A mathematical function that describes the relationship between what consumers actually consume and their level of well-being.

A utility function summarizes the relationship between what consumers consume and their level of well-being. A function is a mathematical relationship that links a set of inputs to an output. For instance, if you combine the inputs eggs, flour, sugar, vanilla, butter, frosting, and candles in just the right way, you end up with the output of a birthday cake. In consumer behavior, the inputs to a utility function are the different things that can give a person utility. Examples of inputs to the utility function include traditional goods and services like cars, candy bars, health club memberships, and airplane rides. But there are many other types of inputs to utility as well, including scenic views, a good night’s sleep, spending time with friends, and the pleasure that comes from giving to charity. The output of the utility function is the consumer’s utility level. By mapping the bundles a consumer considers to measures of the consumer’s level of well-being—this bundle provides so much utility, that bundle provides so much utility, and so on—a utility function gives us a concise way to rank a consumer’s bundles.

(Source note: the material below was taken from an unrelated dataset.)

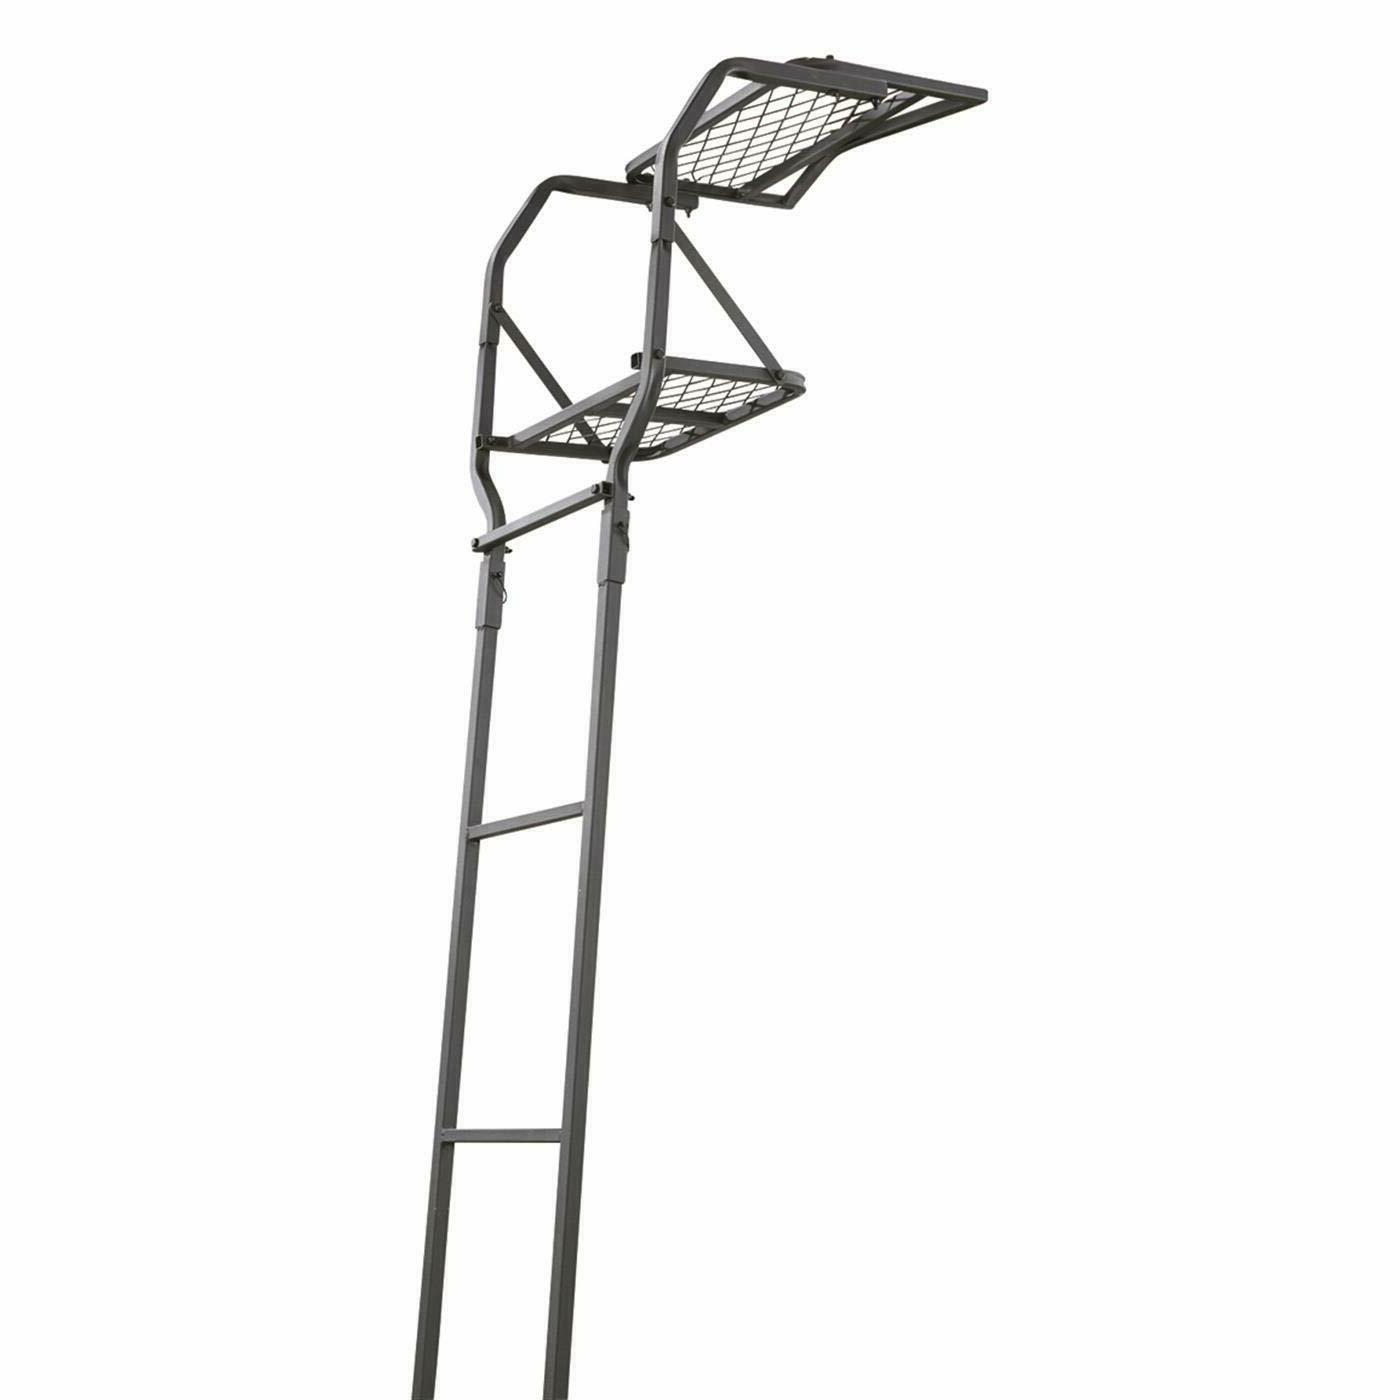 Guide Gear 15' Ladder Tree Stand Platform Hunting Seat Man P

Utility functions can take a variety of mathematical forms. Let’s look at the utility someone enjoys from consuming Junior Mints and Kit Kats. Generically, we can write this utility level as U = U(J, K), where U(J, K) is the utility function and J and K are, respectively, the number of Junior Mints and Kit Kats the consumer eats. An example of a specific utility function for this consumer is U = J × K. In this case, utility equals the product of the number of Junior Mints and Kit Kats she eats. But it could instead be that the consumer’s utility equals the total number of Junior Mints and Kit Kats eaten. In that case, the utility function is U = J + K. Yet another possibility is that the consumer’s utility is given by U = J0.7K0.3. Because the exponent on Junior Mints (0.7) is larger than that on Kit Kats (0.3), this utility function implies that a given percentage increase in Junior Mints consumed will raise utility more than the same percentage increase in Kit Kats.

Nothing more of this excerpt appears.